For each move, you could choose any m (1≤m≤n) washing machines, and pass one dress of each washing TS adjacent washing machines at the same time.
Given an integer array representing the number of dresses in each washing machine from left to right on the line, you shou LD Find the minimum number of moves to make all the washing machines has the same number of dresses. If It isn't possible to do it, return-1.
At first glance, we may think of whether we can solve the problem with DP, after all, like the question of the most value, it is easy to associate with DP. That's the way it is.
In the first step, we determine whether all machines can be successfully assigned to the same group M. It's easy to judge, not to repeat it here. With this step, we can get the final number of machine per heap (if it can be successfully assigned to the same group M), remember N.
Next, let's look at how to break this problem down into sub-problems, so it's easy to solve with DP. We start by looking at the first element of the array.
In the first case, the element is =n. This indicates that the first heap has no need to do any more moving.
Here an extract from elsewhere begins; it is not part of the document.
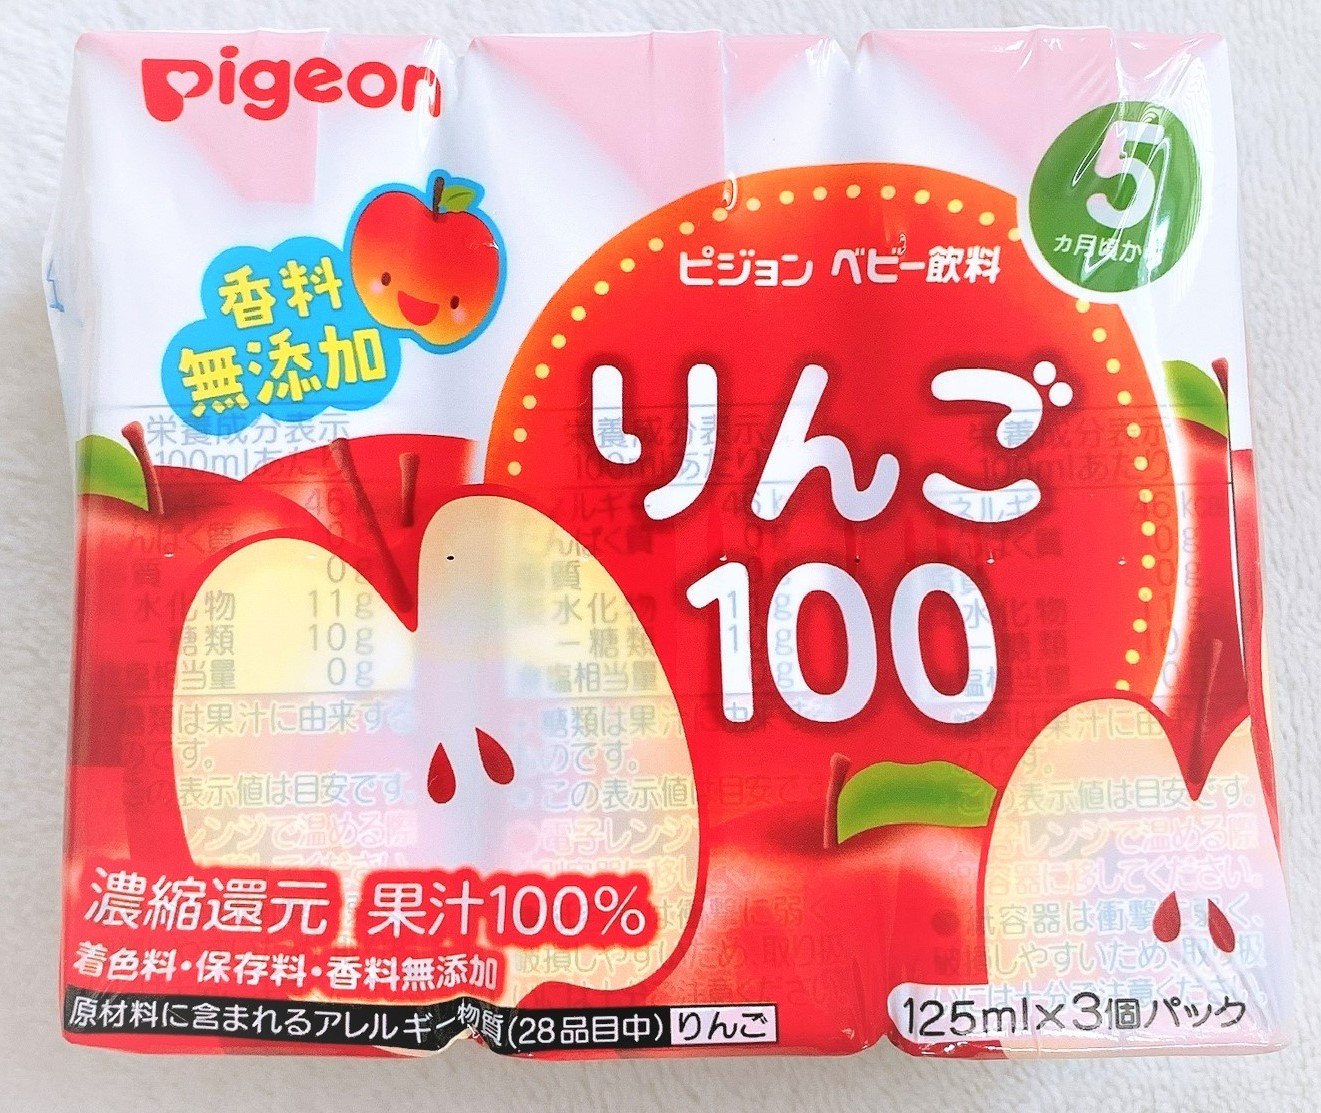 Nước trái cây cho bé Pigeon Nhật Bản vị táo đỏ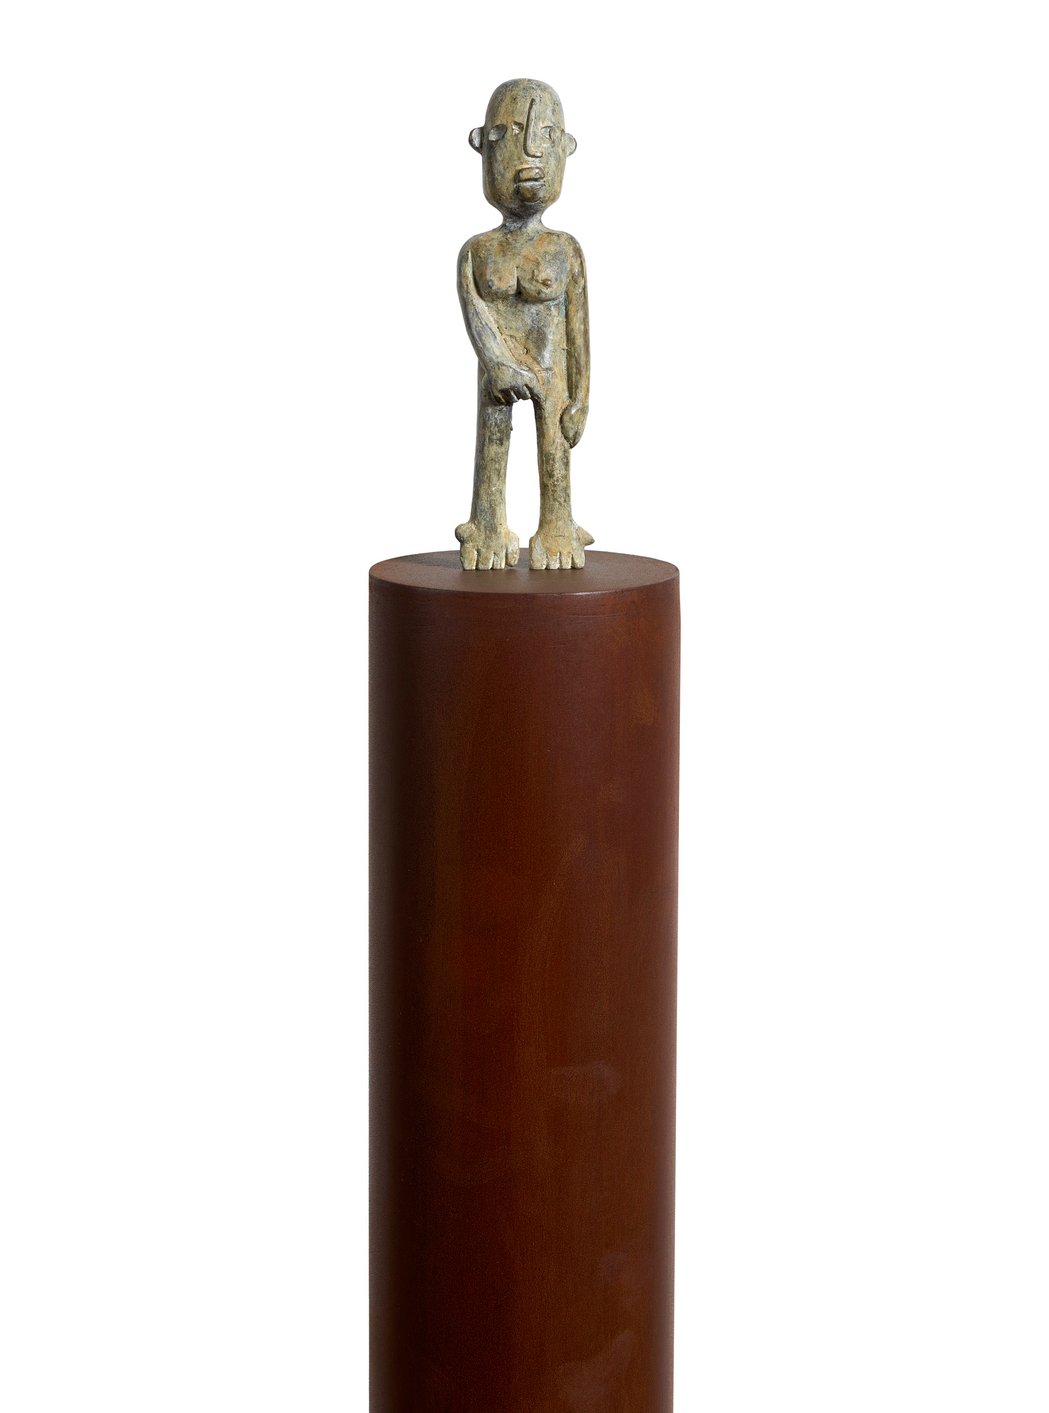 Up (detalle), bronce y hierro forjado, 125x 20 x 20 cm, autor Joaquín Barón

We only need a solution to the remaining array (from the second start to the end), and the solution to the sub-array is the solution to our whole problem.
In the second case, the element >n. This situation shows that we need to remove enough machine from the first heap, move it to the next second heap, and count the number of moves as N1. Then, the remaining sub-arrays are solved recursively, assuming the resulting solution is N2. At this point we observe the problem, the movement in different heaps is independent. For example, heap 1 moves 1 machine to heap 2, heap 2 moves 11 machine to heap 3 ... This moving sequence is only recorded as one time. With this conclusion, we return to the second case where N1 and N2 are also independent. So our solution in this case is Max (N1,N2).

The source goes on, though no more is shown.